12:33 November 05, 2009
I’m happy to duly oblige with the following contribution to the rumour mill:
Imagine that you knew before hand that Warren Buffett was about to buy stocks in Burlington North Santa Fe, what would you do? Undoubtedly you would have rushed to buy BNSF before the old man did, knowing that his move would certainly prop up the stock price.
That’s the same spirit in RBI’s buying gold from IMF: it knows (or suspects) that the Chinese are interested in the IMF gold or even already are in negotiation with IMF about a possible purchase. If the Chinese pull this off, gold price would certainly shoot up (I’ll save the usual, lengthy ranting about Chinese confidence in the US dollar for another day). Hence, RBI did the logical thing – jumping into the trade first, before the Chinese did.
Only that India is not your normal retail investor. China might be the Warren Buffett in this case, but India is equivalent to George Soros. Gold price shot up on the news of the RBI purchase. Now the PBOC is left with an elevated gold price and a choice to make: should it follow suit or stay put? The risk is that, if PBOC wavers, some others (most likely some Gulf states) may see opportunity and steal the show, leaving the Chinese at the end of the price queue.

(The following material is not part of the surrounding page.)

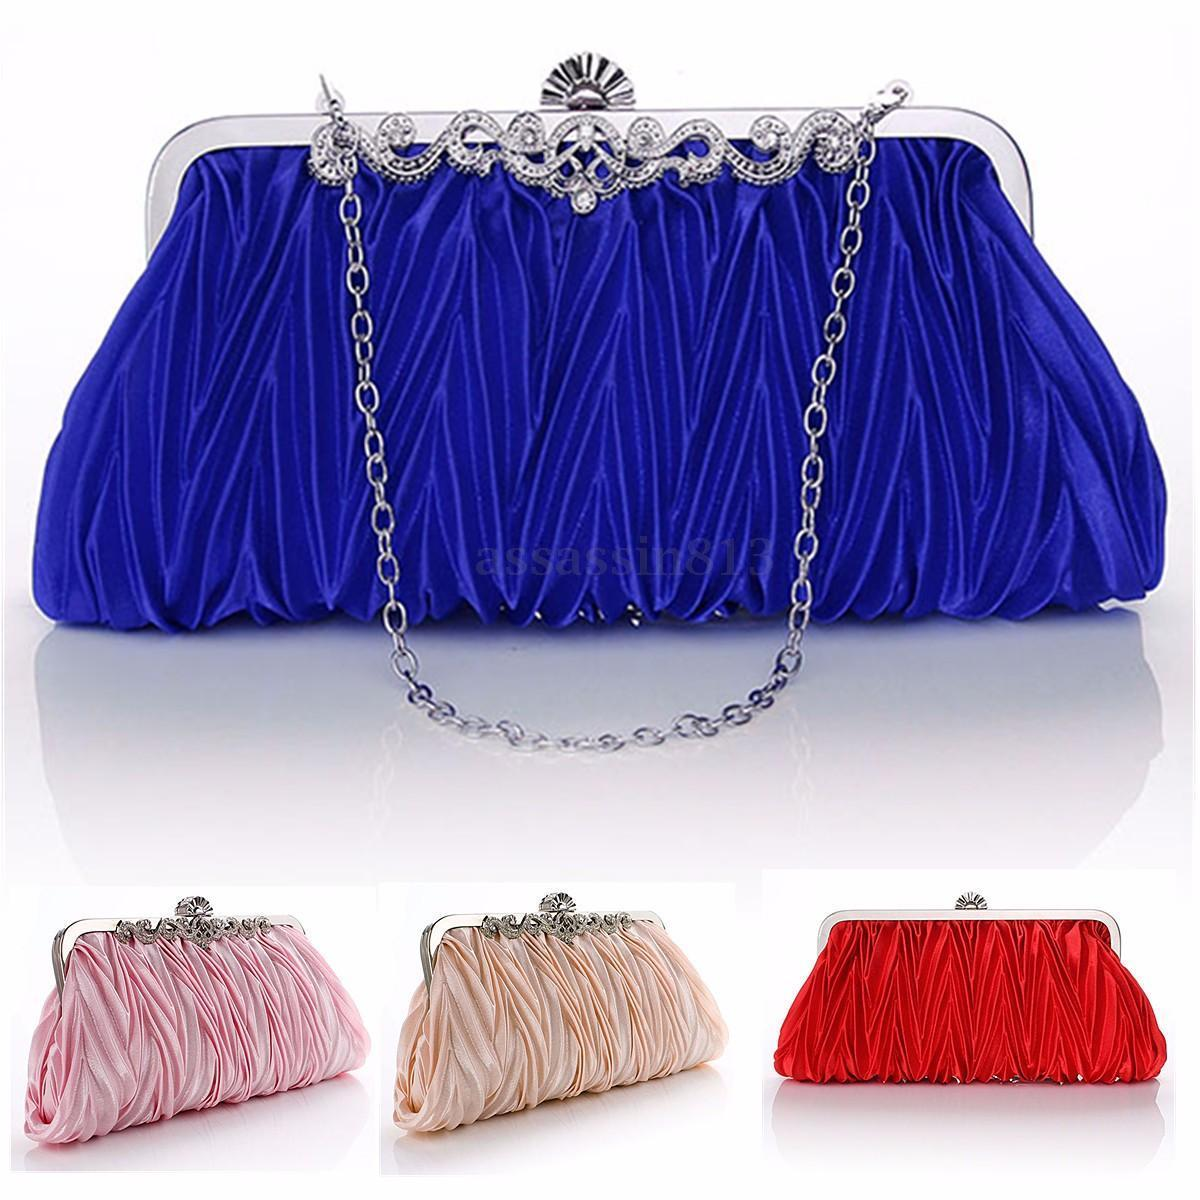 Fashion Lady Party Wedding Handbag Purse Girl Soft Evening Bag Bridal Women Satin Crystal Clutch
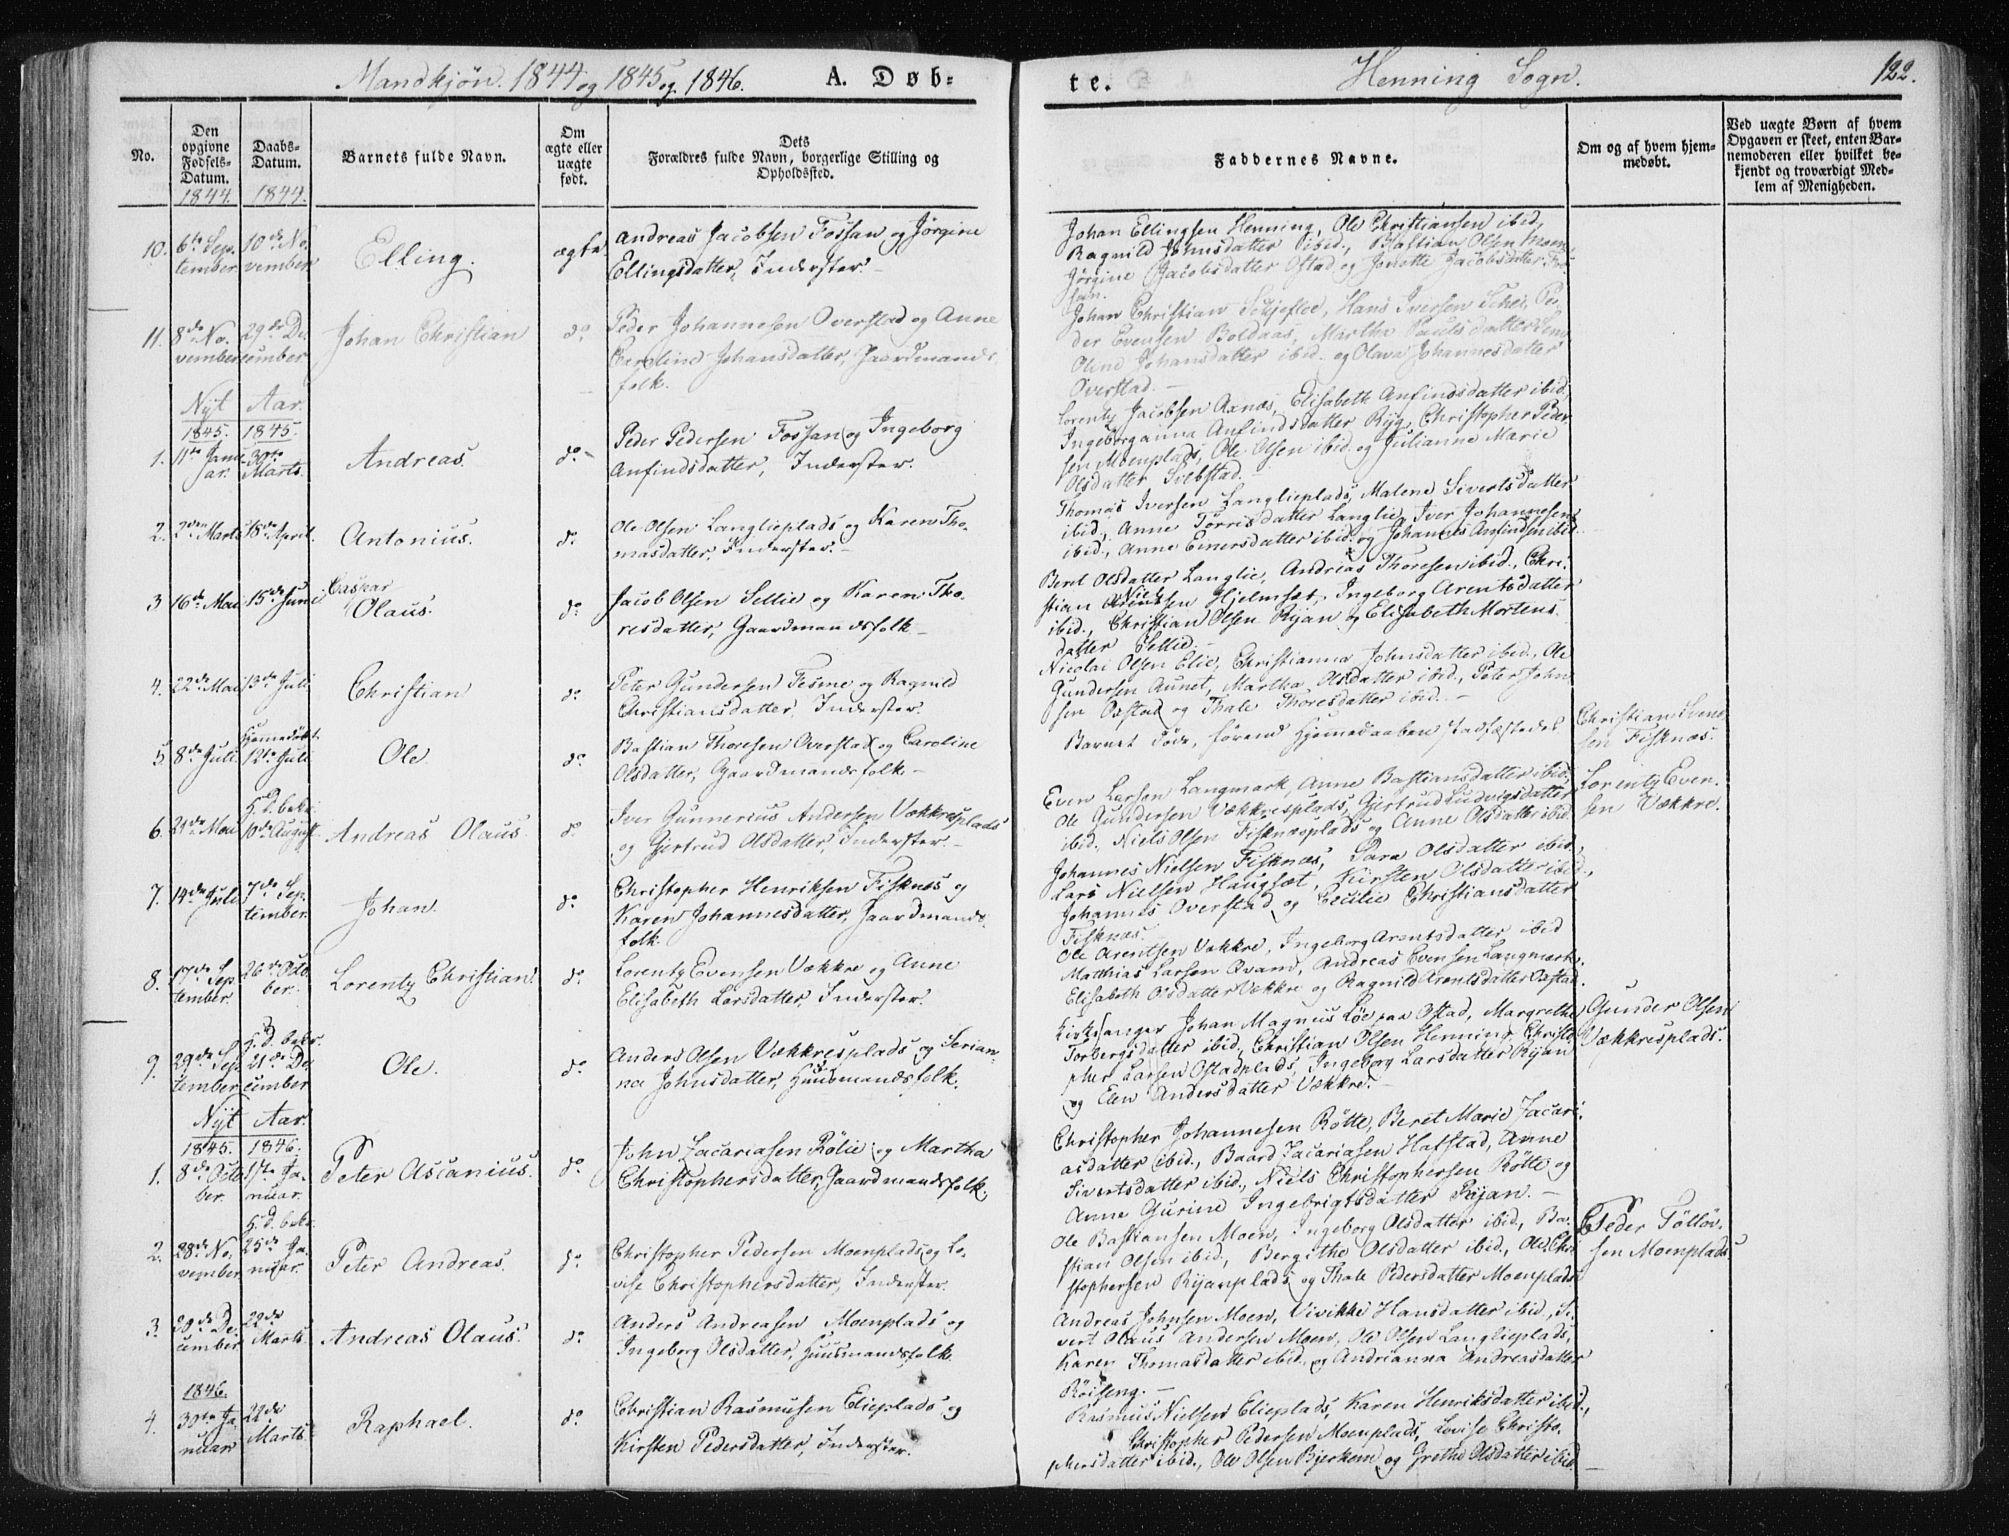 SAT, Ministerialprotokoller, klokkerbøker og fødselsregistre - Nord-Trøndelag, 735/L0339: Ministerialbok nr. 735A06 /3, 1836-1848, s. 122

Clearly RBI had outmanoeuvred PBOC this time around. With hinder sight, the first mover advantage was on the table for both to grasp – the profit could have been PBOC’s, had it not attempted to negotiate a discount with IMF (that’s pure speculation on my part, but I do know the Chinese habit of bargaining over anything and everything). My take is that PBOC will soon announce its purchase of the remaining 203 tonnes from IMF. The move will push gold price to US$1,200/oz.
Hopefully this won’t trigger a bidding war on the open market.